By Greg Morse, Staff writer for Desiring God
We warn people in order to save their lives. Paul did not allow his beautiful feet to be betrayed by a timid tongue. He “alarmed” men as he “reasoned about righteousness and self-control and the coming judgment” (Acts 24:25). The fear of people-pleasing did not control him — least he disqualify himself from being a servant of Christ (Galatians 1:10).
Now today we are not first-covenant prophets, or new-covenant apostles. Many of us are not even pastors and teachers who “will be judged with greater strictness” (James 3:1). But does this mean that the rest of us will not be judged by any strictness? Do not our pastors and teachers train us “for the work of ministry” (Ephesians 4:11–12)? Should I appease my own conscience by merely inviting others to church, hoping that someday they might cave in and come and there hear the gospel?
My pastor did not grow up with my people, live next door, text them frequently, watch football games with them, and sit with them in their homes. But I did. And as much as some of us may throw stones at “seeker-driven” churches, the question comes uncomfortably full circle: Do I shrink back from saying the hard truth in order to win souls? Is my delicacy cruelty? Am I an accomplice in the murder of souls?
When the time comes to speak, tell the people around you that they stand under righteous judgment. Tell them they must repent and believe. Tell them that Jesus Christ already came once. Tell them he bore God’s wrath for sinners. Tell them he rose from the dead. Tell them he reigns over the nations at the Father’s right hand.
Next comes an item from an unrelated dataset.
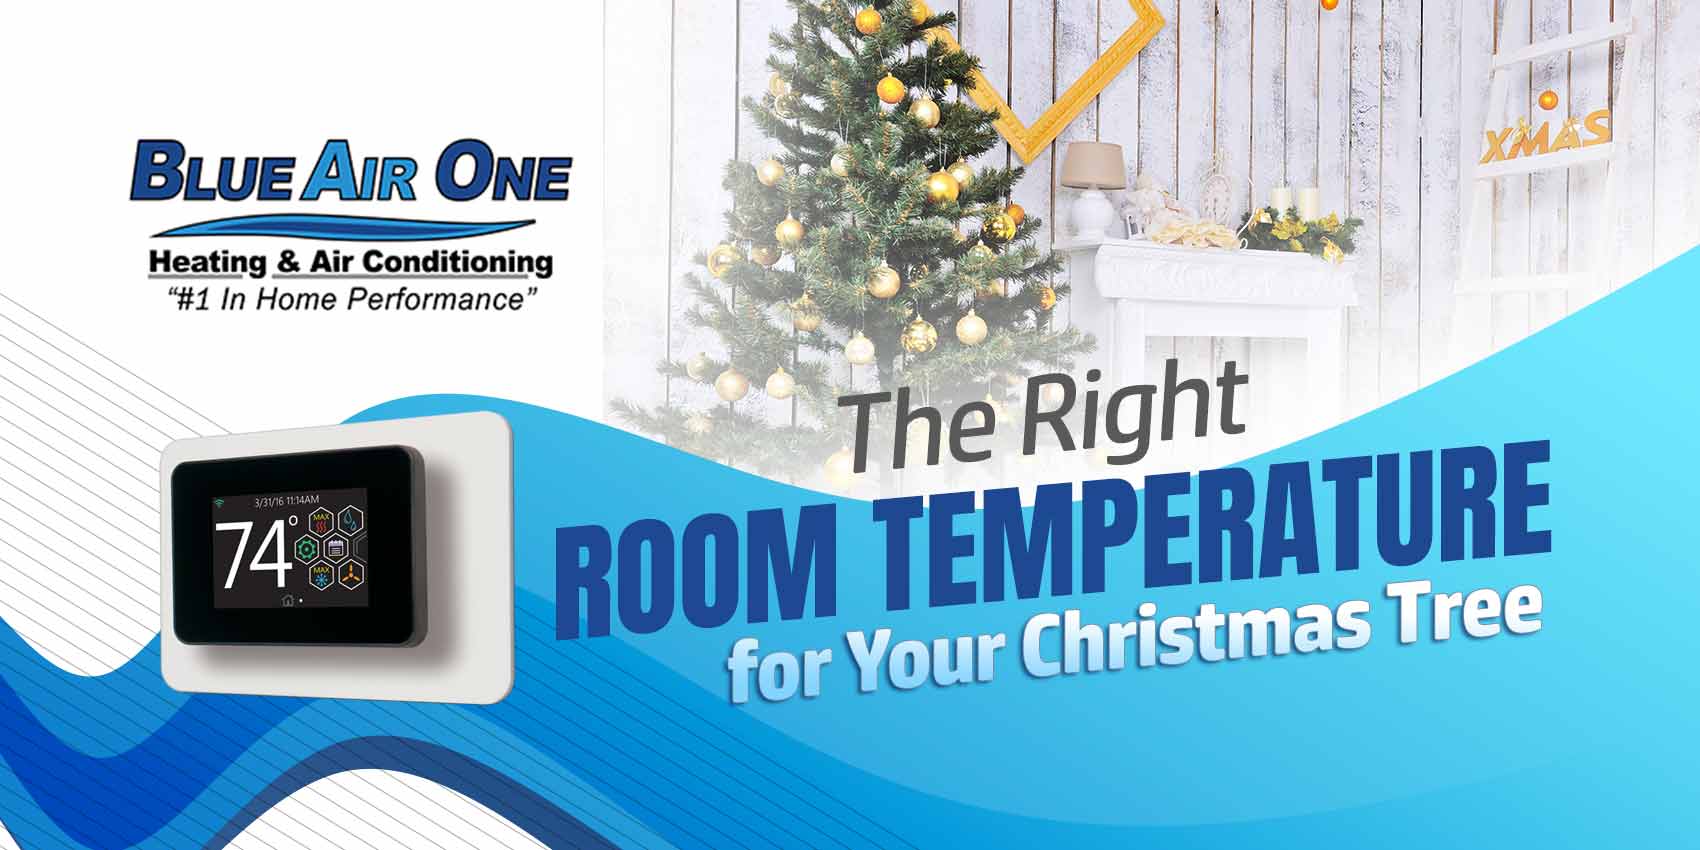 The Right Room Temperature for Your Christmas Tree

Tell them that, by faith through Jesus Christ they will live eternally with God.
God said to Ezekiel. “If I say to the wicked, ‘You shall surely die,’ and you give him no warning, nor speak to warn the wicked from his wicked way, in order to save his life, that wicked person shall die for his iniquity, but his blood I will require at your hand” (Ezekiel 3:18). Paul, the mighty apostle of justification by faith alone, spoke to the same culpability of silence: “I testify to you this day that I am innocent of the blood of all, for I did not shrink from declaring to you the whole counsel of God” (Acts 20:26–27).
God, save us from hearing those agonizing words, “You knew?!”